Sloan Bicurve
From 1910 to 1912 the American John Sloan built his series of "bicurve" biplanes in a small workshop in the Paris suburb of Charenton. As with so many of the early designers and builders, it is difficult to determine how many of the machines appearing under his name were new ones, or merely earlier ones modified and developed.
His first was shown in 1910, typical of his bicurve designs with the shorter top wing arching down at the tips almost meeting inboard of the tips of the lower wing, with the extended leading and trailing edges of the upper wing joined to those of the lower. The lower wing had some dihedral, and then its tips drooped also, with large ailerons on the trailing edges near the ends. The long uncovered rectangular fuselage sat 2 in tandem behind the engine; a tall rectangular rudder stood up at the rear above a long tailplane set at a high angle on the fuselage. The elevators were connected to a forward elevator mounted on outriggers. The aeroplane rested in front on 2 pairs of wheels with a skid between each pair, and a tailwheel; the latter was replaced with a skid before the end of the year. The lower wings were called lifting surfaces and the upper ones stabilizing surfaces: the theory was that the downward curve of the lower wings would "slow the chute if the engine cut."

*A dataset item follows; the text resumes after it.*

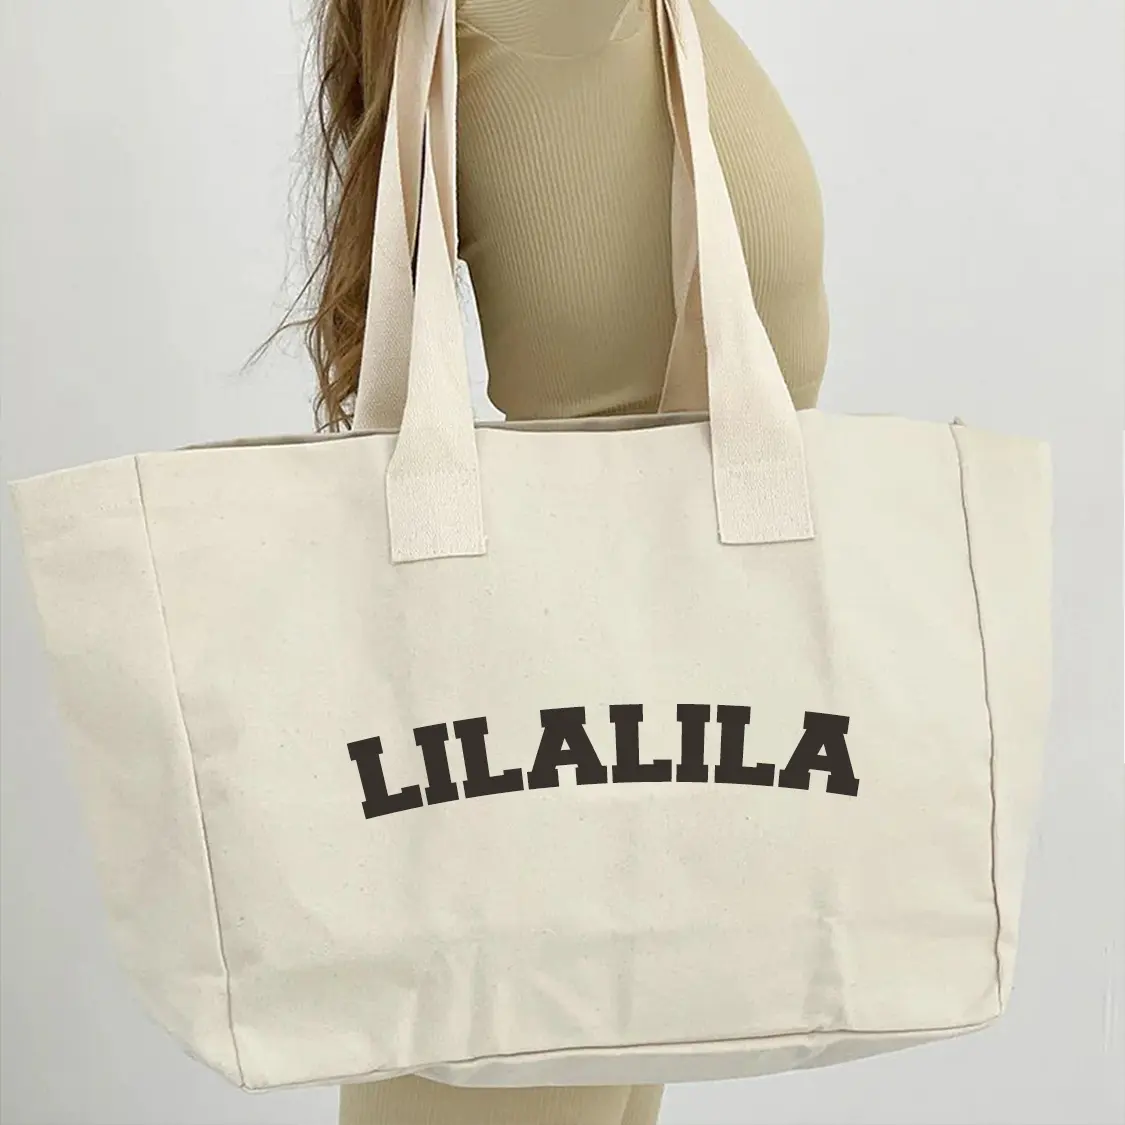 Оптовая продажа, большие модные многоразовые холщовые сумки для покупок с индивидуальным печатным логотипом

(Span: (upper) 8 m; (lower) 10.95 m; chord: (upper) 2 m; (lower) from 2 to 2.9 m at the tip; length: 11.3 m; wing area: 49 sqm; speed: c 75 kmh; 50 hp Gnome with a 2.5 m diameter Sloan propeller)
A similar machine, or the same one altered, was often photographed in flight. The forward elevator was gone, and a 35 hp Labor provided power through chains to the 2 tractor propellers. The pilot sat in a sort of bucket. Another version - or modification - flew next, with the Gnome and a single tractor propeller, front elevator, but with a less-drooping top wing. It crashed in 1911.
Sloan's penultimate reported flying machine was flying in 1912 at Issy, seemingly a throwback to the 1910 designs, with the twin skid of the Concours Militaire entry; a final design was similar to the 1912 military aeroplane but with a small inline 4-cylinder motor.
In the years 1911-1912 he was working on plans fora 18.5-meter span Calais-Dover passenger biplane, with a single big float and a boat-shaped fuselage and a 100 hp Clerget; it was not built.